PD: peritoneal dialysis. IQR: interquartile range. CCI: Charlson Comorbidity Index; APD: automated peritoneal dialysis.
Outcomes on PD
Over the study period, there were 410 (41%) death, 348 (34%) transfer to HD and 161 (16%) kidney transplantation. In the assisted-PD group, 337 patients (60%) died, 161 (29%) transferred to HD, and 13 (2%) underwent kidney transplantation. In contrast, among self-care PD patients, 72 (16%) died, 187 (42%) transferred to HD, and 148 (33%) underwent transplantation. The median time on PD was 16 months overall, with 15 months in the assisted-PD and 17 months in the self-care PD group respectively. Figure 1 displays Kaplan-Meier survival curves for event transfer to HD according to assistance status.

Kaplan-Meier survival curves by assistance status for the event transfer to HD HD: hemodialysis, PD: peritoneal dialysis.
The causes of transfer to HD, according to the assistance status, are provided in Supplemental Table S2.
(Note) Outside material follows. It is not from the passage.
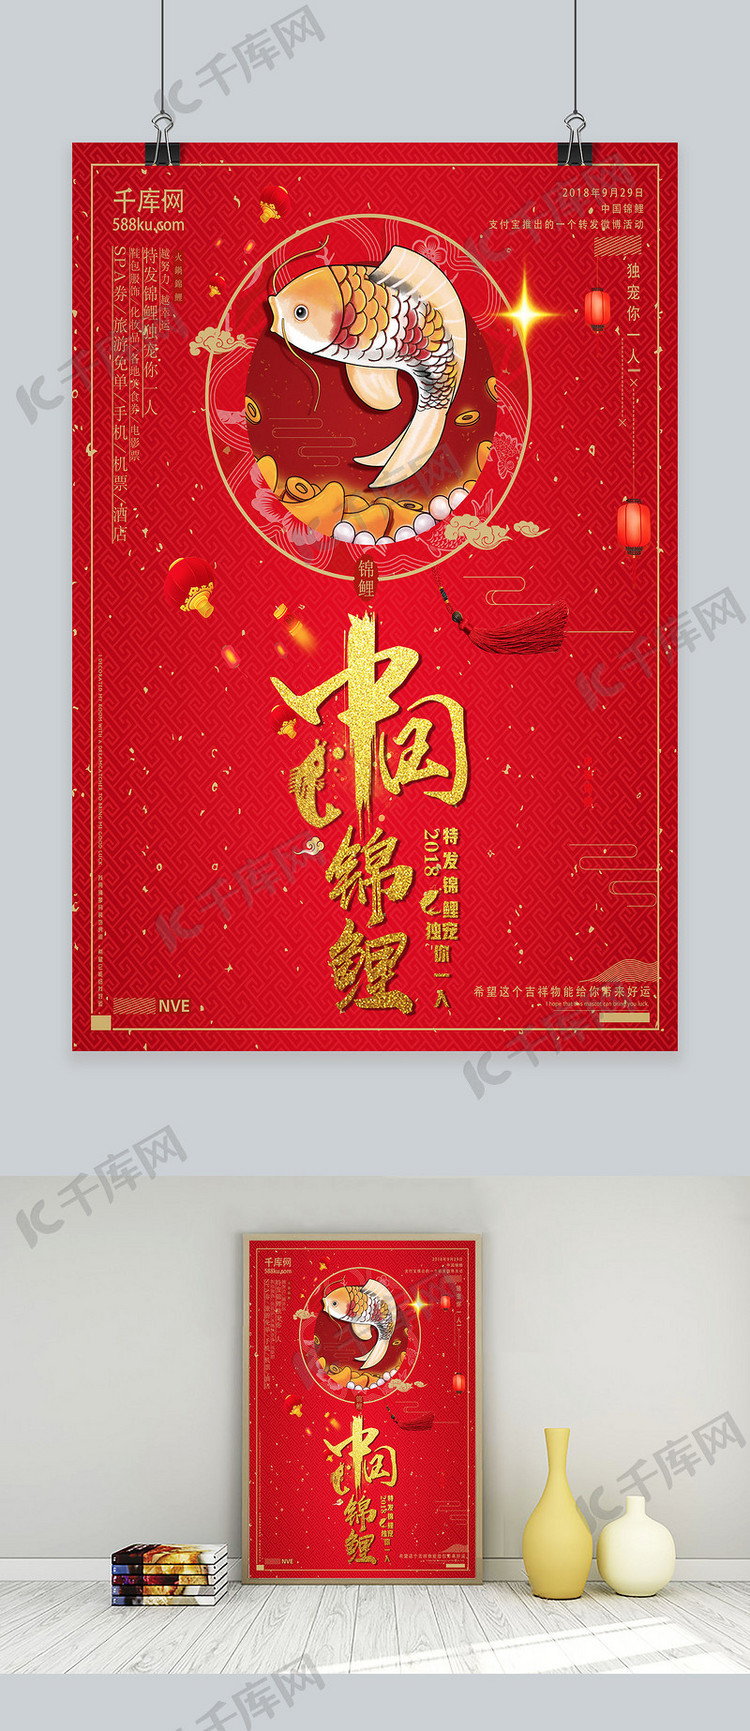 中国锦鲤独宠你一人商业海报设计

Association between assisted PD and the risk of transfer to HD
In the multivariate Cox regression, there was no significant association between assisted PD and the risk of transfer to HD (cs-HR 0.91, 95% CI 0.70–1.20) (Figure 2). Whereas, using a time-dependent coefficient analysis, assisted PD was associated with a greater risk of transfer to HD within the first six months of PD (<6 months cs-HR 2.00, 95% CI 1.30–3.30), but a lower risk thereafter (≥6 months cs-HR 0.70, 95% CI 0.50–0.90) (Figure 2).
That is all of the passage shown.